Marketing experts seem to think that consumers’ negative experiences shopping the Missoni collection online will likely not have a long-lasting impact on Target’s brand. But it was certainly an embarrassing misstep for a brand that had only three weeks earlier switched from an online system run on the back-end by Amazon to its own platform. Also, I would argue that many consumers will be less likely to attempt to shop these limited-edition collections online after being faced with such a frustrating shopping experience.

Target’s online launch of the Missoni collection also highlighted one of the perils associated with online retailing: reselling. Reselling is particularly relevant to limited-edition collections whose availability is scarce, and by choosing to release the collection online, Target made it significantly easier for consumers to resell the goods on platforms like eBay and Craigslist. Selling only in stores creates a barrier to reselling because procuring the goods takes a degree of effort that many would-be resellers don’t find worth it. But ease of access to the Missoni collection meant that within days over 21,000 items were listed on eBay alone, with many items marked up by as much as 5x the original price.

Some might argue that it doesn’t matter to Target whether its products are resold at a markup, but if the point of a limited edition collection is to deliver high fashion to consumers at lower prices, reselling inhibits this. eBay consumers frequently paid for a Target item a price equivalent to that of a comparable item from Missoni’s mid-priced line M Missoni. Buying a lower quality item for a similar price is certainly an example of irrational consumer behavior, but nonetheless also detracts from Target’s stated goal. In addition, active reselling means that consumers’ willingness to pay is higher and that Target isn’t capturing as much value as it theoretically could.

The challenge with limited edition online retailing and the reselling that results is that Target seemingly has few options to combat the problem. Target could raise base prices for the line, reducing profits for resellers. But, higher prices potentially eliminate the point of a diffusion line for both brands: Missoni no longer creates the low-priced line it envisions, and higher prices aren’t aligned with Target’s brand as a low-price retailer.
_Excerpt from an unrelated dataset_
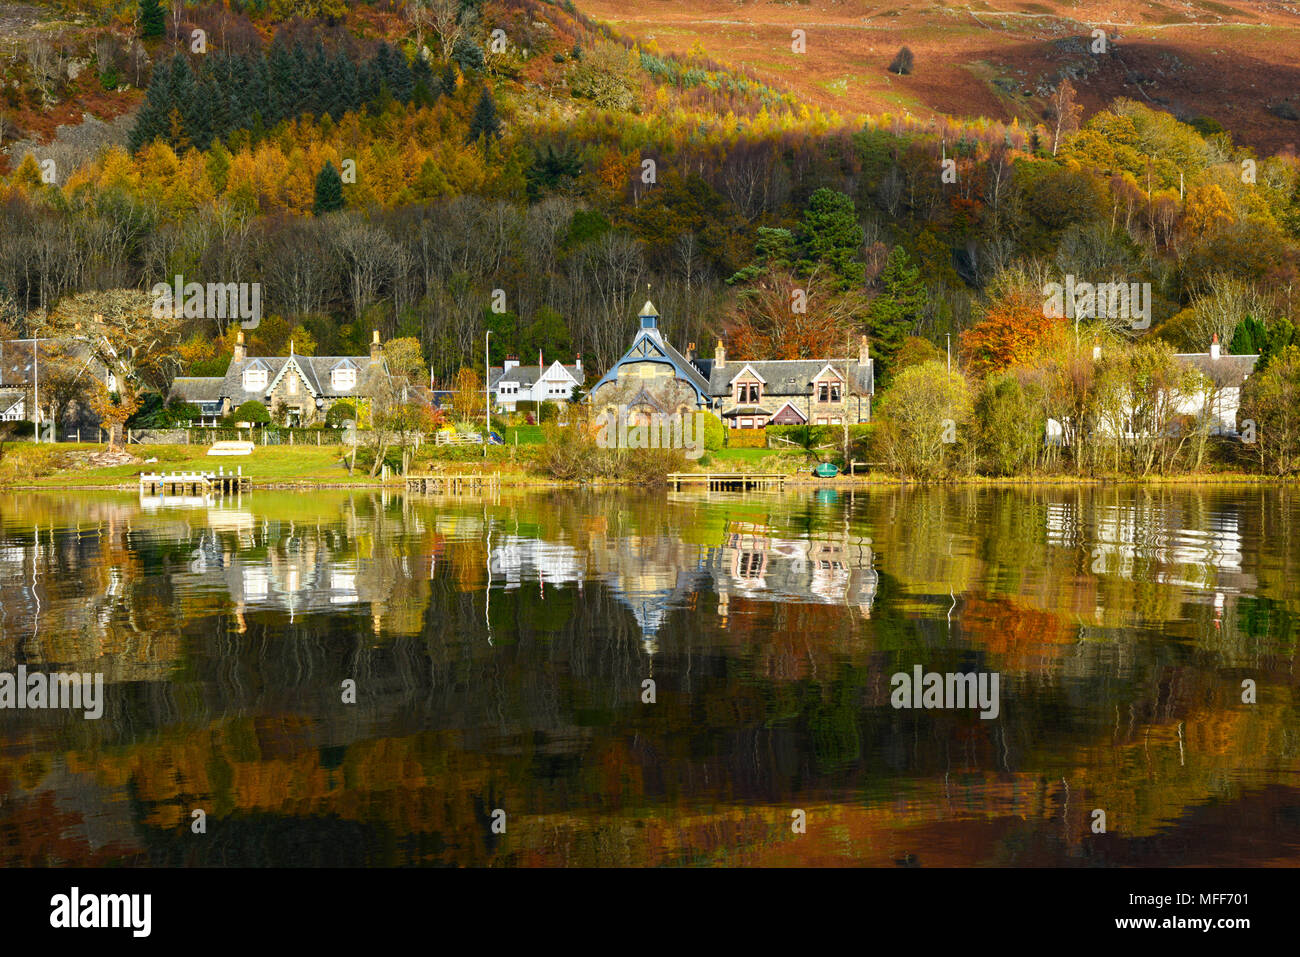 Blick über Loch Earn in St Fillans Dorf, Schottland Großbritannien Herbst Farben und Reflexionen clear blue sky sonnigen Tag Oktober 2017 Stockfoto

Other retailers such as Saks have experimented with limiting the number of each item a consumer is permitted to purchase. This strategy might work for Target, but only with a line significantly smaller than 400 pieces.

While Missoni continues to ride the wave of publicity generated by the collaboration, with orders for the company’s spring 2012 line coming in stronger than expected, Target on the other hand must consider how to improve its online retail offering so consumers aren’t disappointed in the future. With an upcoming limited-edition collaboration with Jason Wu on the calendar for early next year, it will be interesting to see whether Target can resolve the technological issues that so plagued its efforts with Missoni.